Prompt: Only an exact repeat of the listing, without its images, counts as the answer.

Information provided:

((

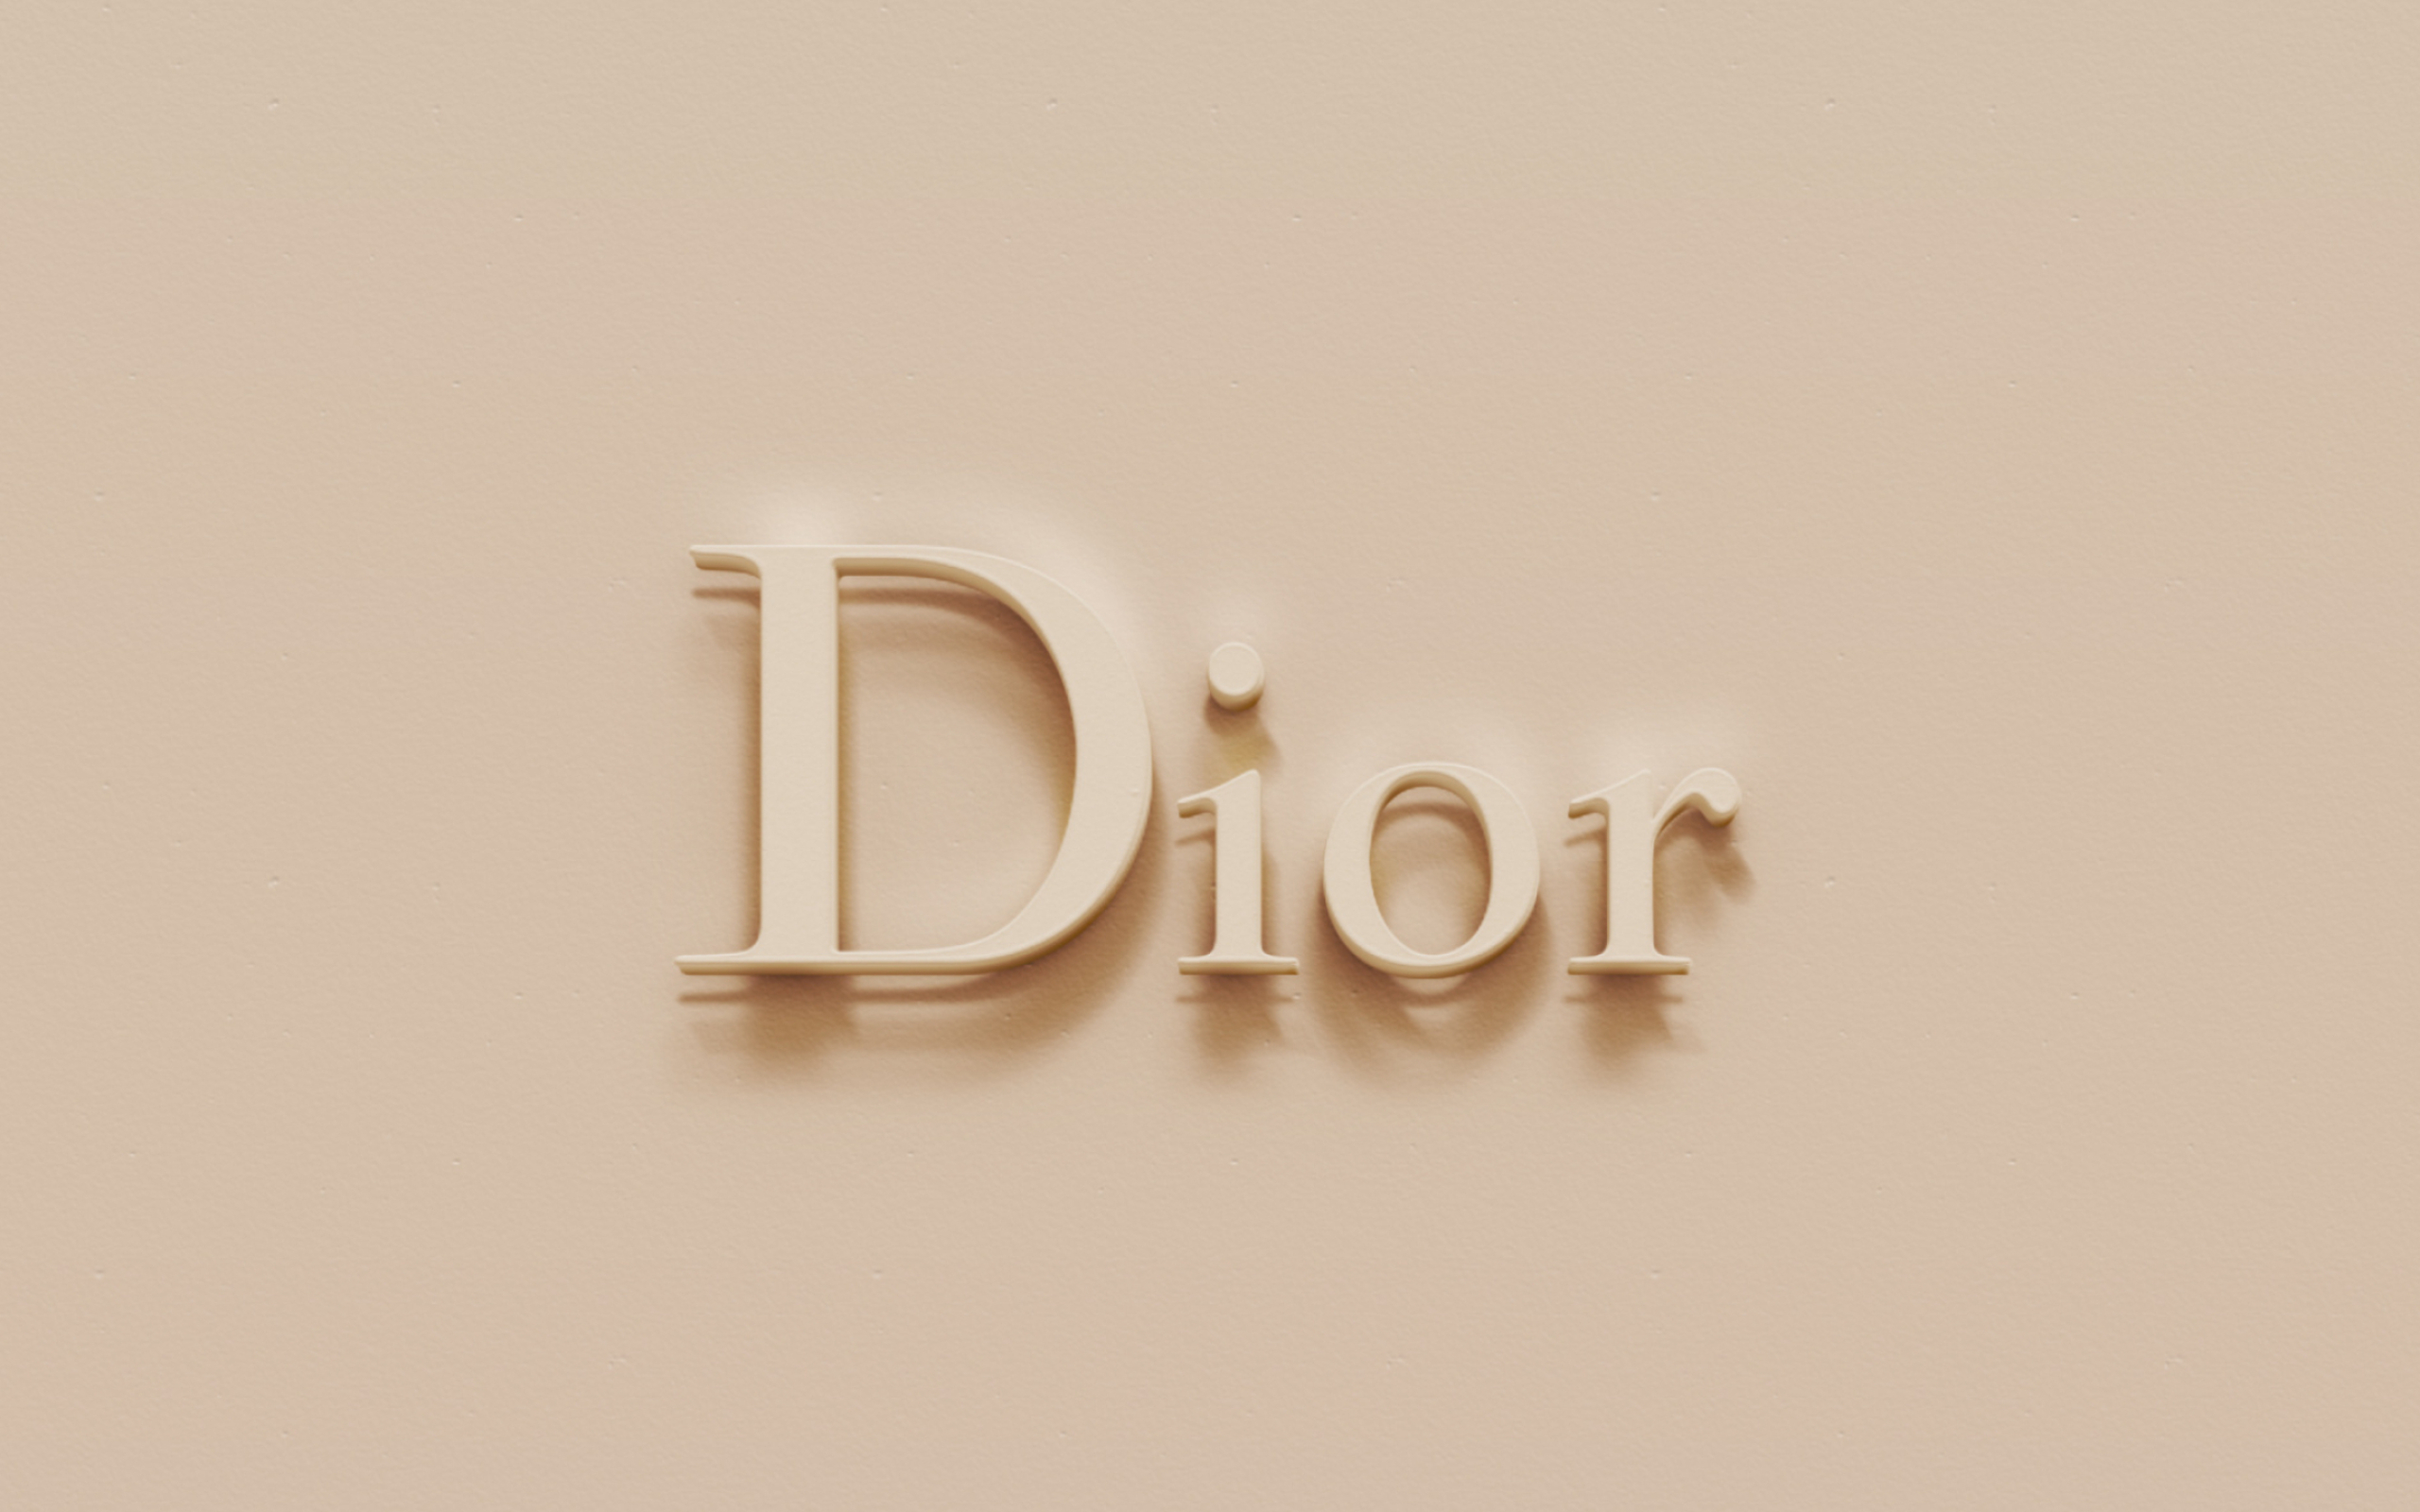 Dior: The creator of recognized haute couture, Ready-to-wear fashion. 2560x1600 HD Wallpaper.
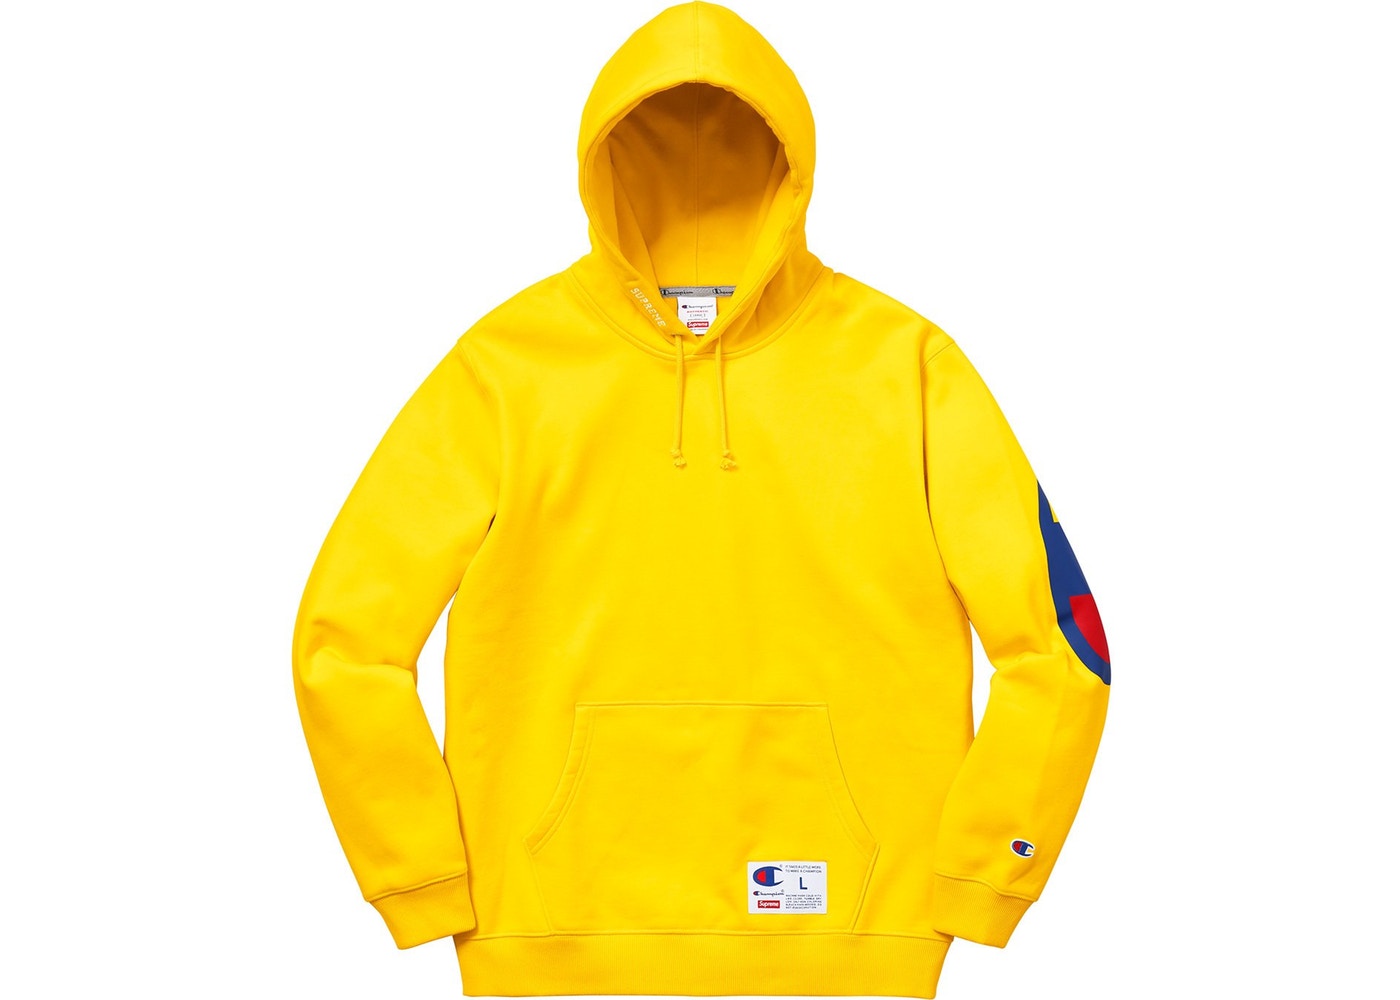 supreme champion hoodie yellow
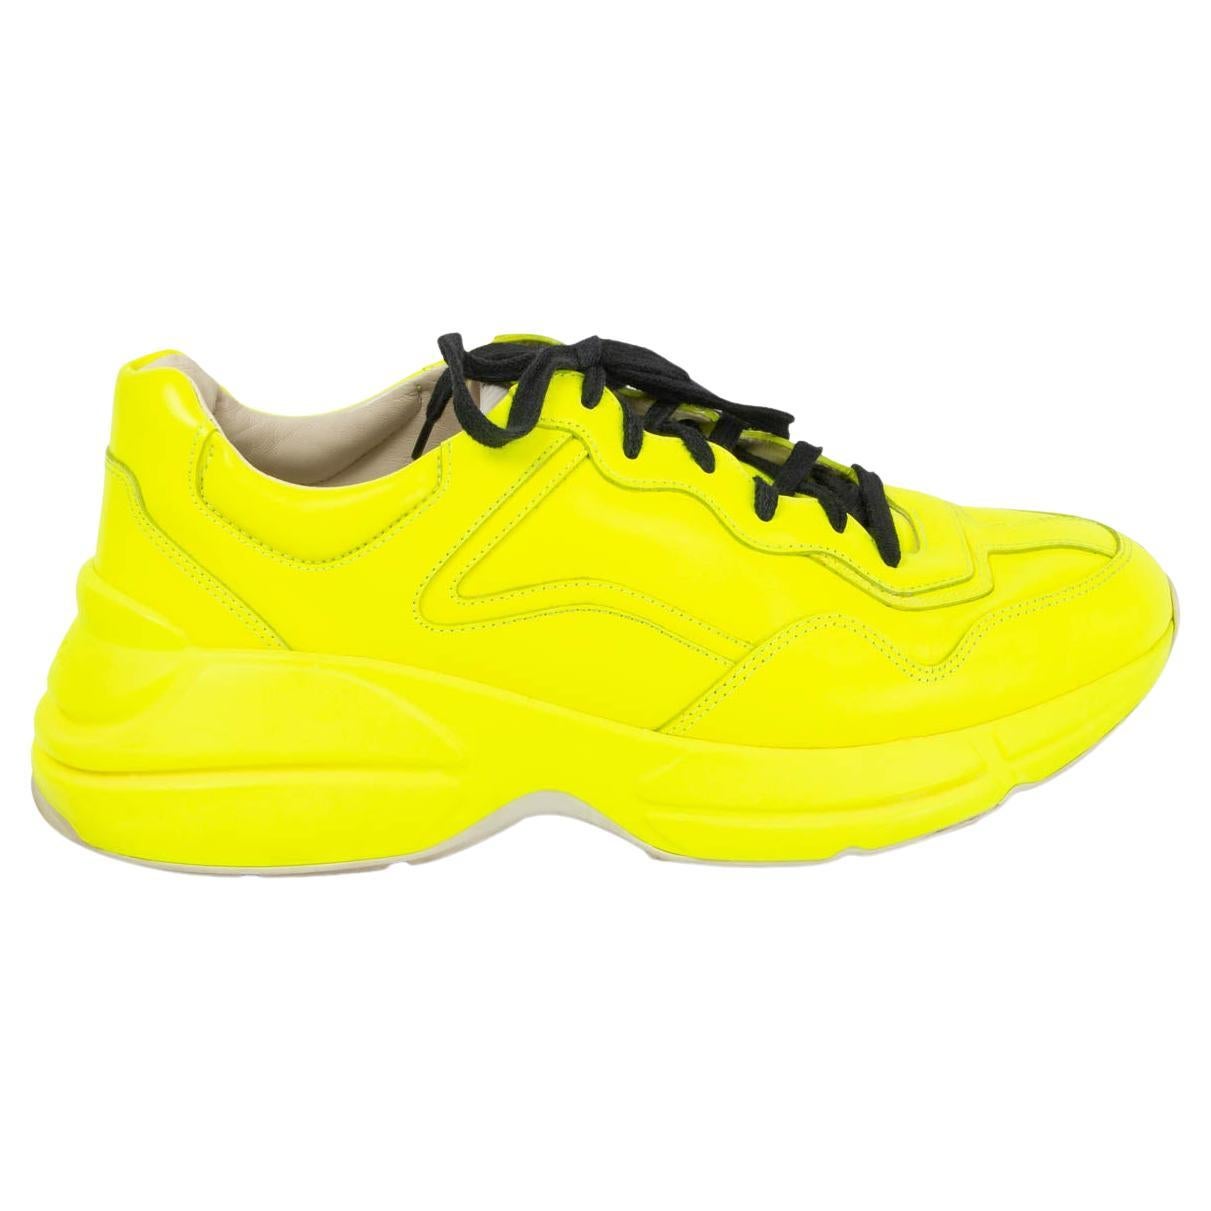 GUCCI cuir jaune fluo RYTHON Baskets Chaussures 8 42 (hommes) ou 40 (femmes)

))

Written response:
 Dior: The creator of recognized haute couture, Ready-to-wear fashion. 2560x1600 HD Wallpaper.
 supreme champion hoodie yellow
 GUCCI cuir jaune fluo RYTHON Baskets Chaussures 8 42 (hommes) ou 40 (femmes)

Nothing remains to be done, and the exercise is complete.